(Records excerpted from a collection)
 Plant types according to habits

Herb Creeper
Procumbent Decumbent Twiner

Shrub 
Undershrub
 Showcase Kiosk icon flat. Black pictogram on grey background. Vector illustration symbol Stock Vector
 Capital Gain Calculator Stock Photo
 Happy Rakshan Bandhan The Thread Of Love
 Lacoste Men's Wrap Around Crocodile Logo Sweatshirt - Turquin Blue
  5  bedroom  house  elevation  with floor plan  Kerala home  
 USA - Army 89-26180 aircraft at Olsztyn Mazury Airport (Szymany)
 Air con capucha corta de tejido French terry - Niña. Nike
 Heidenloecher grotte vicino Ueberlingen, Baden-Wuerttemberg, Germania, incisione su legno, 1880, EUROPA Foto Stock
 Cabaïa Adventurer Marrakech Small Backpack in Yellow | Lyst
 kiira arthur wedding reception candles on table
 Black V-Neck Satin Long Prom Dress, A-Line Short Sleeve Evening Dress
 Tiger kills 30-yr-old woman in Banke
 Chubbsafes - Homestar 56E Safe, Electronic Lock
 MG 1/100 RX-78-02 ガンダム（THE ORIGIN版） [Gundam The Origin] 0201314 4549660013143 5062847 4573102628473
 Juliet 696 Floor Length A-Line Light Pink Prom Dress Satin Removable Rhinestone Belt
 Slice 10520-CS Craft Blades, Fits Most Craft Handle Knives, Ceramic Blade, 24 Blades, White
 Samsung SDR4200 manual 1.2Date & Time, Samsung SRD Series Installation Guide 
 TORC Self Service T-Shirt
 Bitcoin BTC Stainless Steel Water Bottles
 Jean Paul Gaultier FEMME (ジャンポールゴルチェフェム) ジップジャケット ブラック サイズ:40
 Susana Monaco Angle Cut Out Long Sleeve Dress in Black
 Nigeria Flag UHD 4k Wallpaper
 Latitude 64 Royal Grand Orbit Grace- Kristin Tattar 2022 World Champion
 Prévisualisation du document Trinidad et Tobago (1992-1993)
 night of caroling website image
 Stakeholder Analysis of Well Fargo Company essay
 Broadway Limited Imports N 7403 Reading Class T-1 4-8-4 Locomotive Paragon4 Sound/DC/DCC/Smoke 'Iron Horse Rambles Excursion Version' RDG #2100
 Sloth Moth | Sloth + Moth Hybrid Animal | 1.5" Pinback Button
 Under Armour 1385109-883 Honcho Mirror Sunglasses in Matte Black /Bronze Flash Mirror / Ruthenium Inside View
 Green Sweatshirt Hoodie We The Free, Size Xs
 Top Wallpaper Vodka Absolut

(TASK REQUIREMENTS): Could you give again exactly the lines from the line containing "Green Sweatshirt Hoodie We The Free, Size Xs" through the final line of the data above, and no others?

(WRITTEN RESPONSE):
 Green Sweatshirt Hoodie We The Free, Size Xs
 Top Wallpaper Vodka Absolut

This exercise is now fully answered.